● Exercise objective: Every picture stays out; everything else in the listing below is to be returned exactly.

● Dataset content:
++++++++

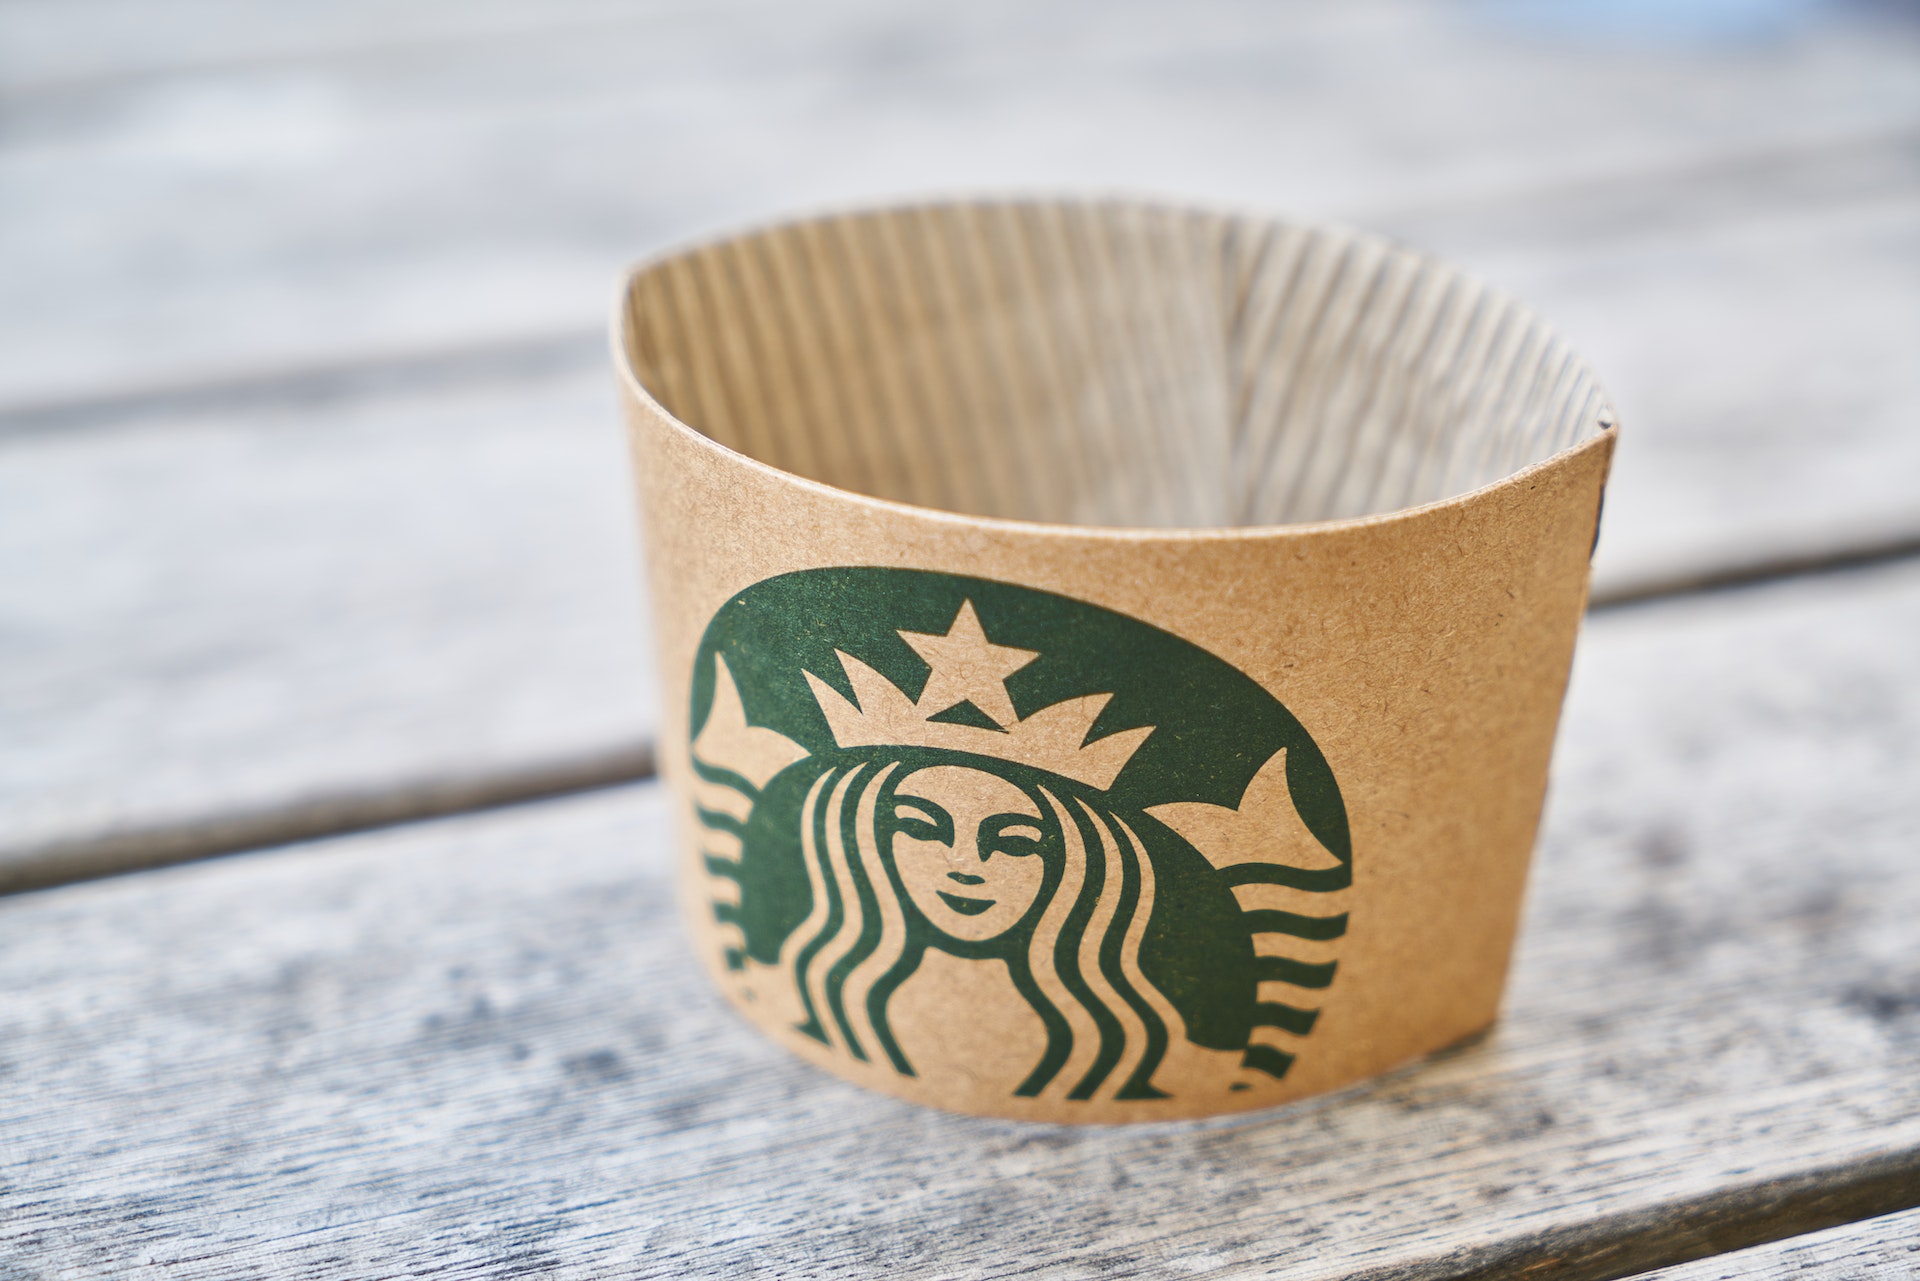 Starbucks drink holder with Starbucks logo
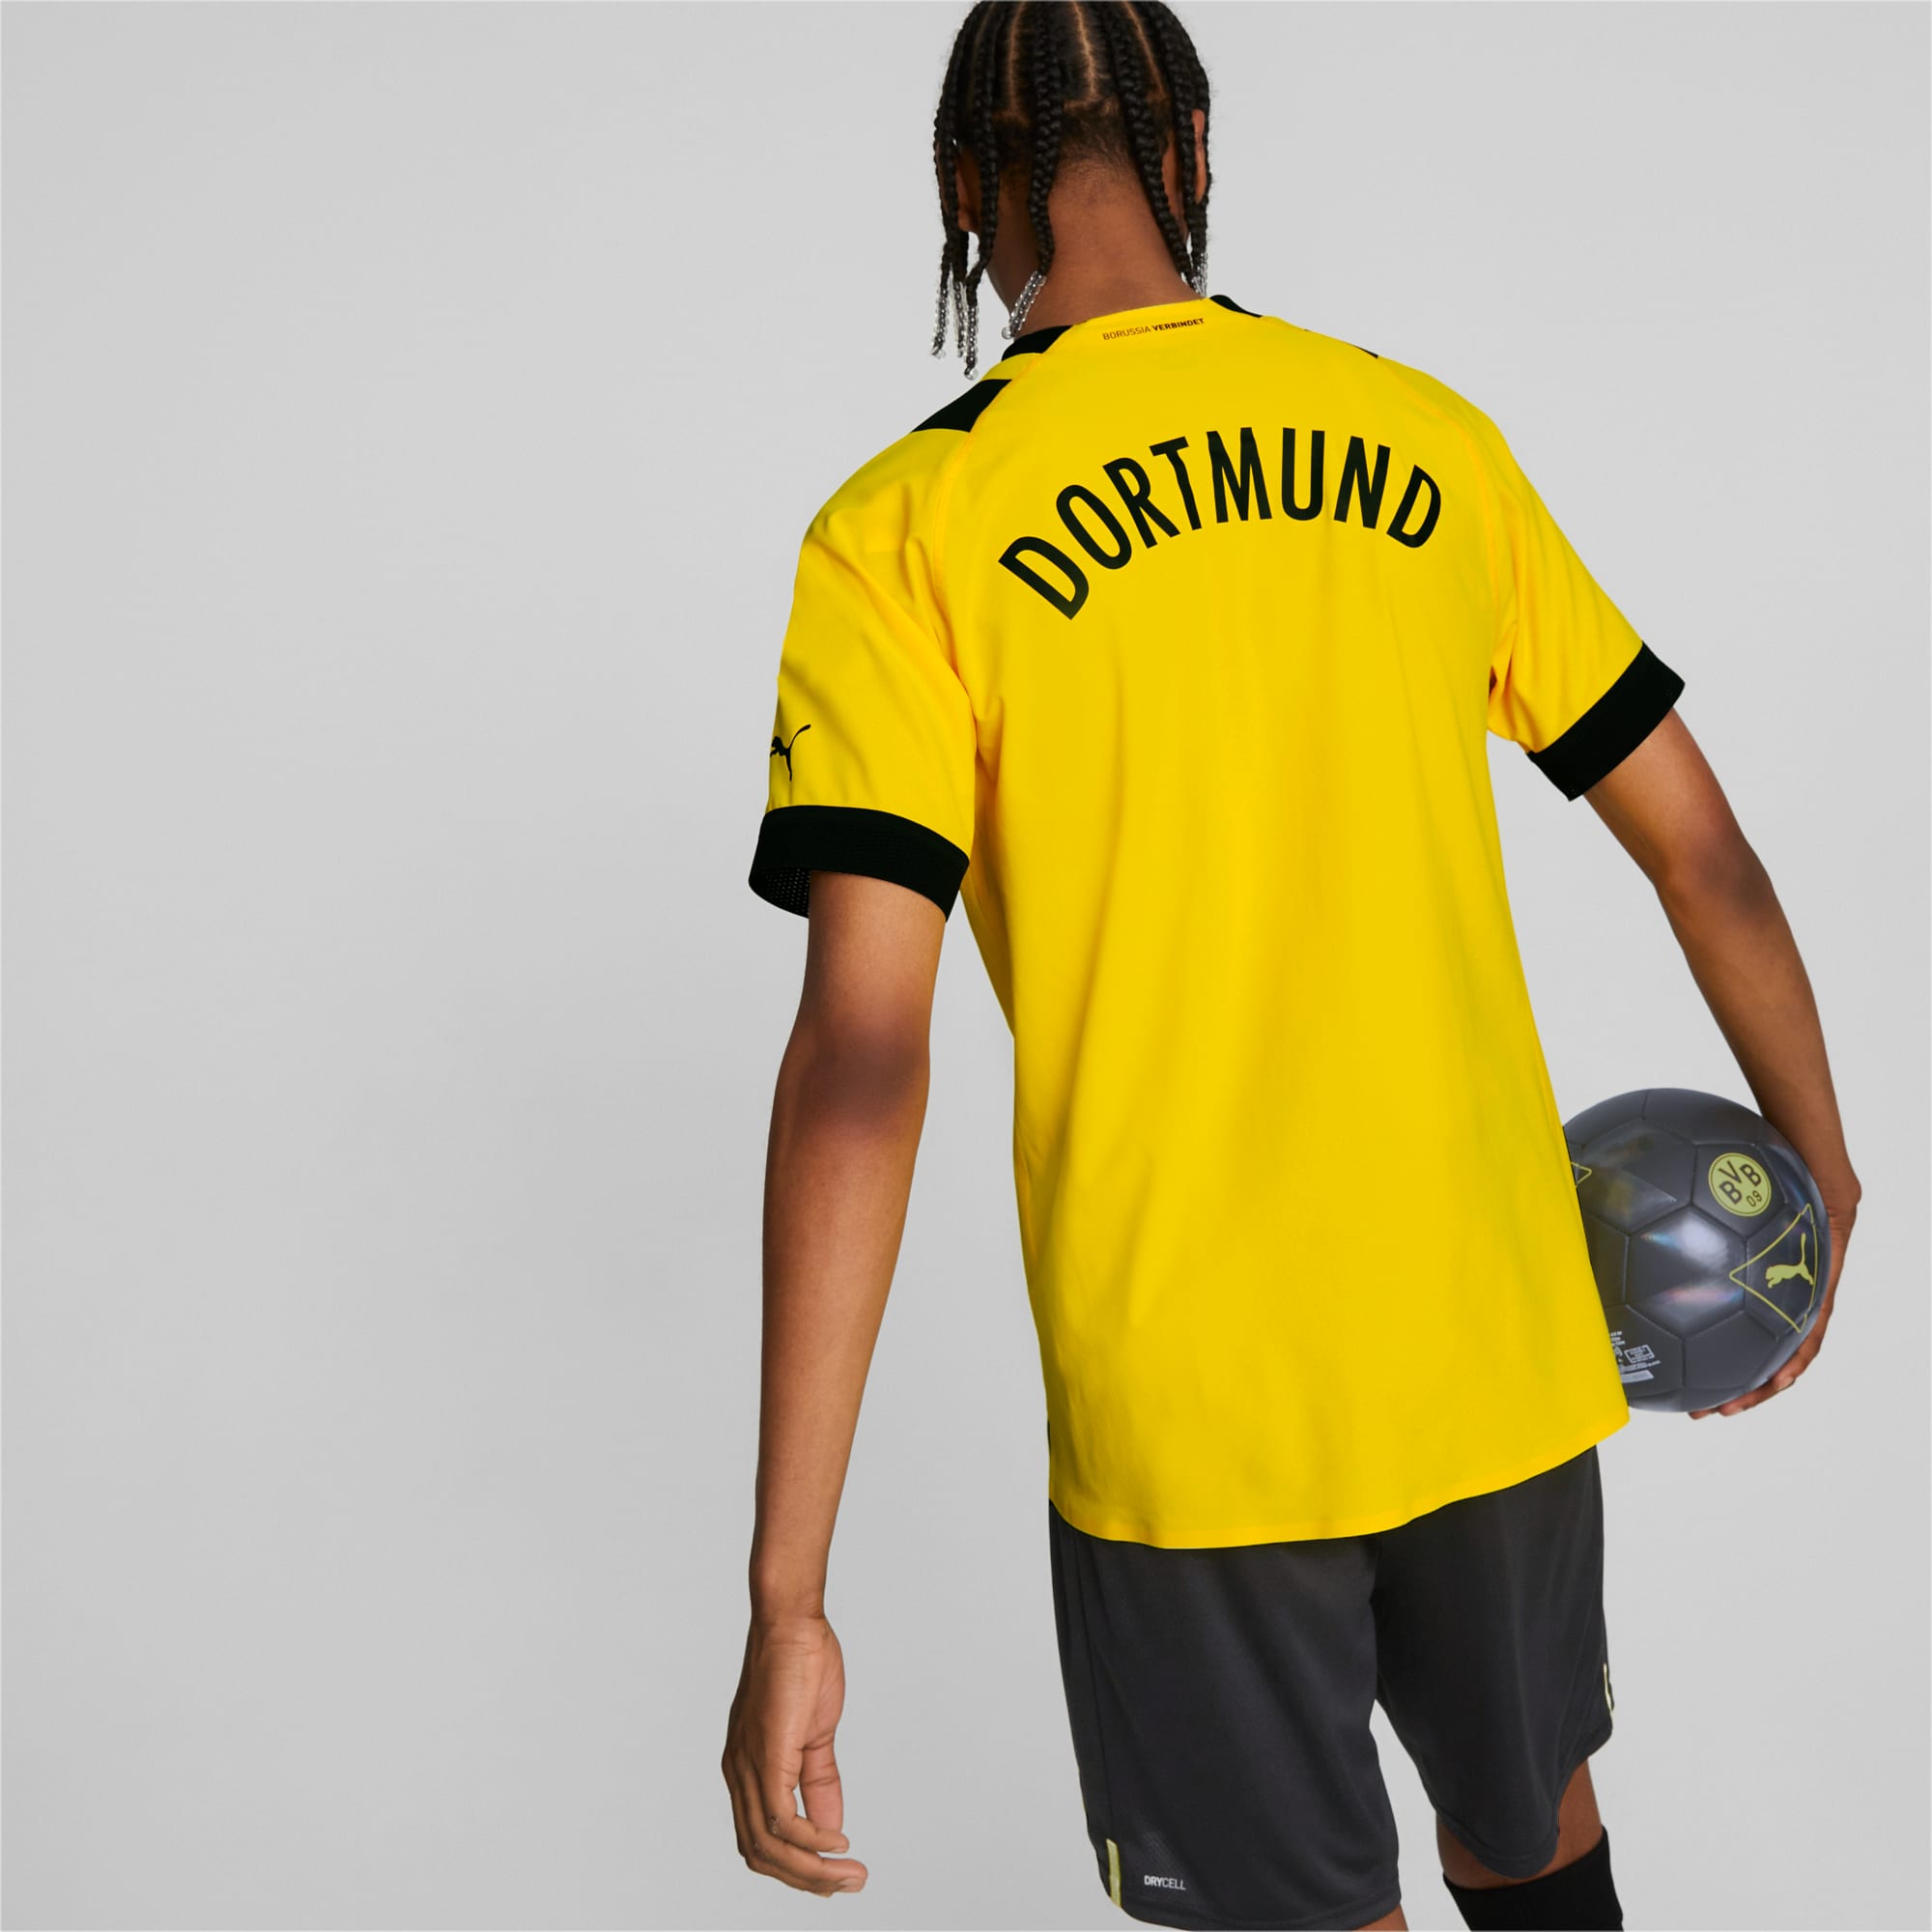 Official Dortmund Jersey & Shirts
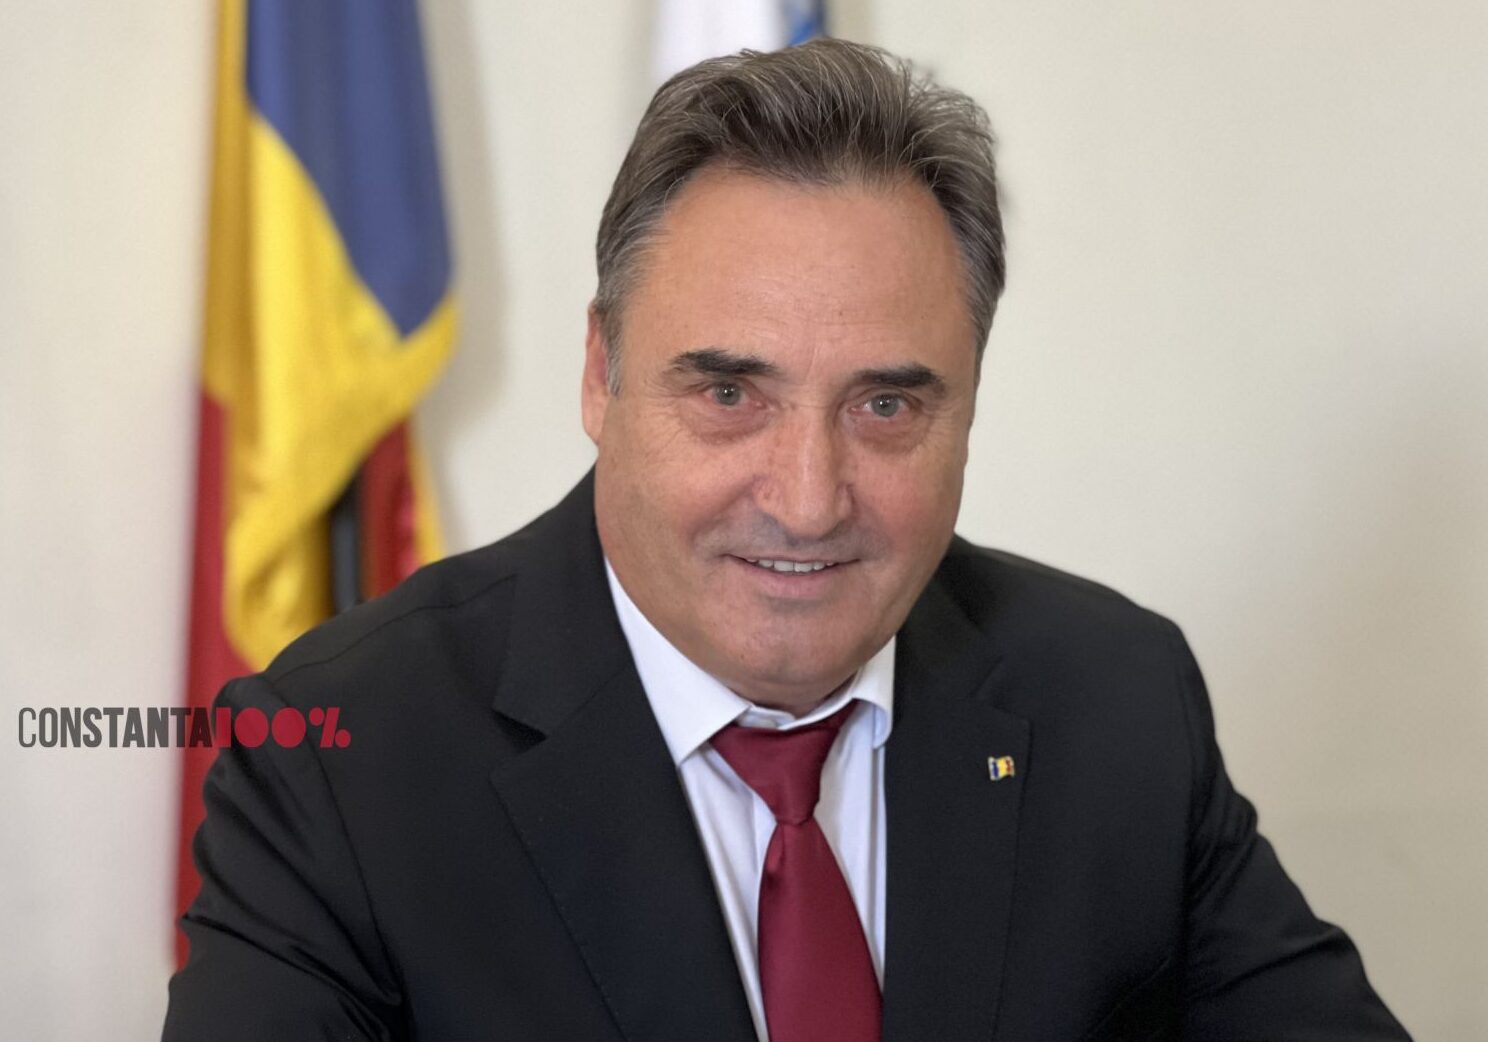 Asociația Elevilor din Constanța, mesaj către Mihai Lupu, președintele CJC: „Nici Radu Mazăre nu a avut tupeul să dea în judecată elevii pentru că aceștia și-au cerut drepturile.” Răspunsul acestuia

++++++++

● Written answer:
 Starbucks drink holder with Starbucks logo
 Official Dortmund Jersey & Shirts
 Asociația Elevilor din Constanța, mesaj către Mihai Lupu, președintele CJC: „Nici Radu Mazăre nu a avut tupeul să dea în judecată elevii pentru că aceștia și-au cerut drepturile.” Răspunsul acestuia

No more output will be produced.